Bradley Jackson: In Episode 3, we follow one of the top five daily fantasy players in the us. He’s a 26-year-old child. He makes millions of dollars doing that. He told me that the most he has ever produced was $1.5 million in 1 week. Among our hypotheses for the series was that the pervasiveness of everyday dream was a gateway to the leagues letting legalized gaming to actually happen. For many years, you saw the NFL state that sports gambling is the worst thing ever and they’d never let it. And about four years ago daily dream like DraftKings and FanDuel started, and they purchased, I believe, 30,000 advertisement spots across the NFL Sunday platform. When you were watching the NFL, every other commercial was DraftKings or FanDuel. And a lot of folks were like,”Wait a minute, you guys say you think sports betting is the worst thing ever. How is this not gambling?” It’s gambling. We actually join the CEO of DraftKings, and a couple of the high-up individuals at FanDuel, and I think that it’s B.S., but they say daily fantasy is not gambling, it’s a game of skill. However, I don’t think that is true.

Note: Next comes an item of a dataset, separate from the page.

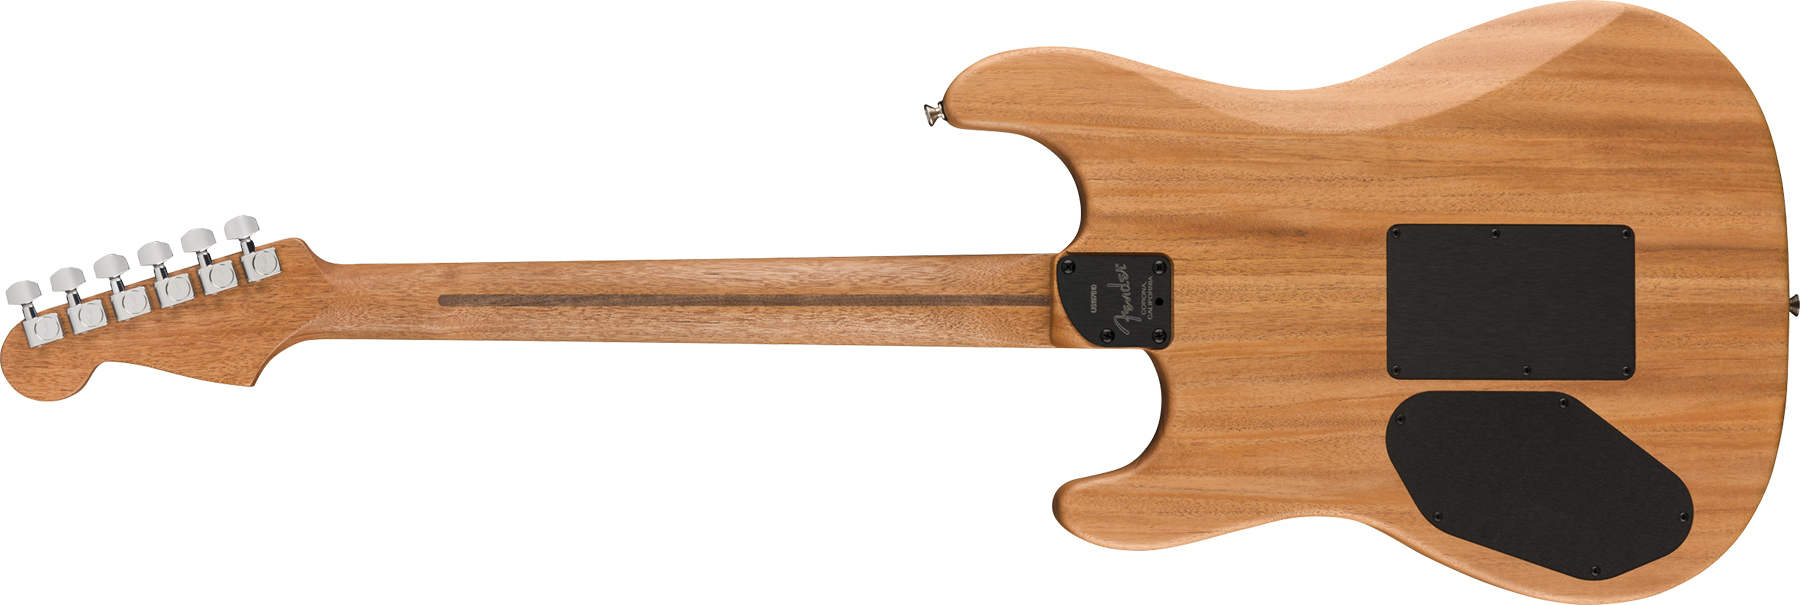 Fender American Acoustasonic Strat Usa Eb - Natural - Elektroakustische Gitarre - Variation 1

Texas Monthly: How individuals who make money do it will involve conducting huge quantities of teams to beat the odds, rather than picking the guys they believe have the best matchups this week.

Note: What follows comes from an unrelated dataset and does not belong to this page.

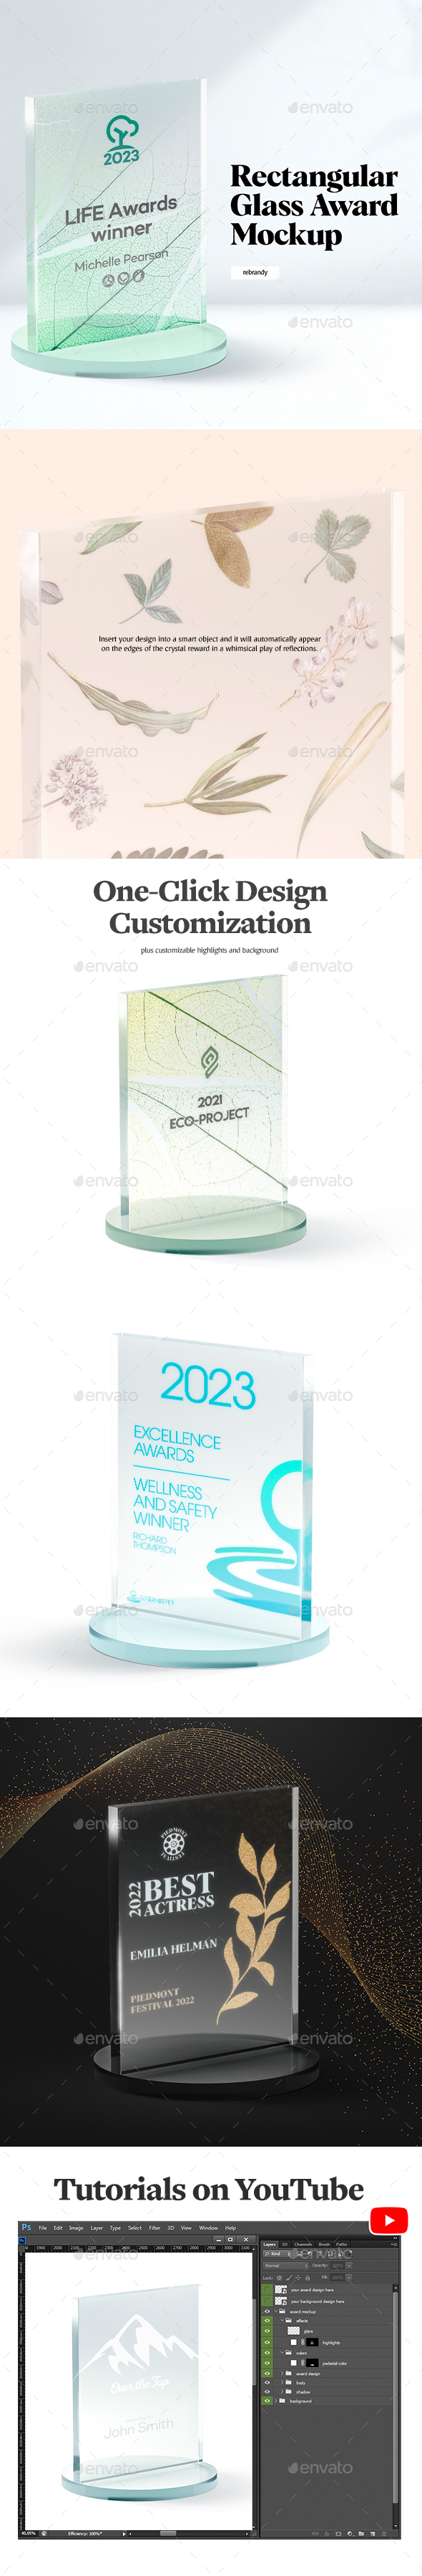 Rectangular Glass Award Mockup

Bradley Jackson: Right. We filmed our everyday fantasy player above a weekend of creating his stakes, and he does not do well that weekend. And he talked about how what he’s doing is a good deal of ability, but each week you will find just two or three plays that are entirely arbitrary, and they either make his week ruin his week, and that is 100 percent luck. That is an element of gaming, because you’re putting something of financial worth up with an unknown outcome, and you don’t have any control on how that’s awarded. We see him literally shed sixty thousand dollars on a three-yard run by Ezekiel Elliott. It is the Cowboys-Eagles, and he says,”All I need is for the Cowboys to do nicely, but without Ezekiel Elliott producing any profits, and then you visit Zeke get, for example, a four-yard pass and he is like,”If one more of these happens, then I’m screwed.” And then there is this tiny two-yard pass away from Prescott to Elliott and he goes,”I just lost sixty thousand dollars .” And you observe $60,000 jump from an account. There is no way that is not gambling.
Texas Monthly: Ken Paxton has argued that daily dream is illegal in Texas. Are there cultural factors in the state that might make this more challenging to maneuver, or is something similar to that just a means of staking a claim to the money involved?
Bradley Jackson: It could just be the pessimist in me, but think in the end of the day, a great deal of it just comes down to money. An interesting case study is exactly what occurred in Nevada. In Nevada they left daily fantasy illegal, which can be crazy, because gaming is legal in Nevada. But they made it illegal since the daily fantasy leagues would not cover the gambling tax. So it was just like a reverse position, where Nevada said,”Hey, this is betting, so pay the gambling taxes,” and DraftKings and FanDuel were like,”It is not gambling.” And so they didn’t come to Nevada. I don’t think Texas will inevitably take action right off the bat, but I presume it in a couple years, when they determine just how much money there will be produced, and that there are smart ways to go about it, it’ll happen.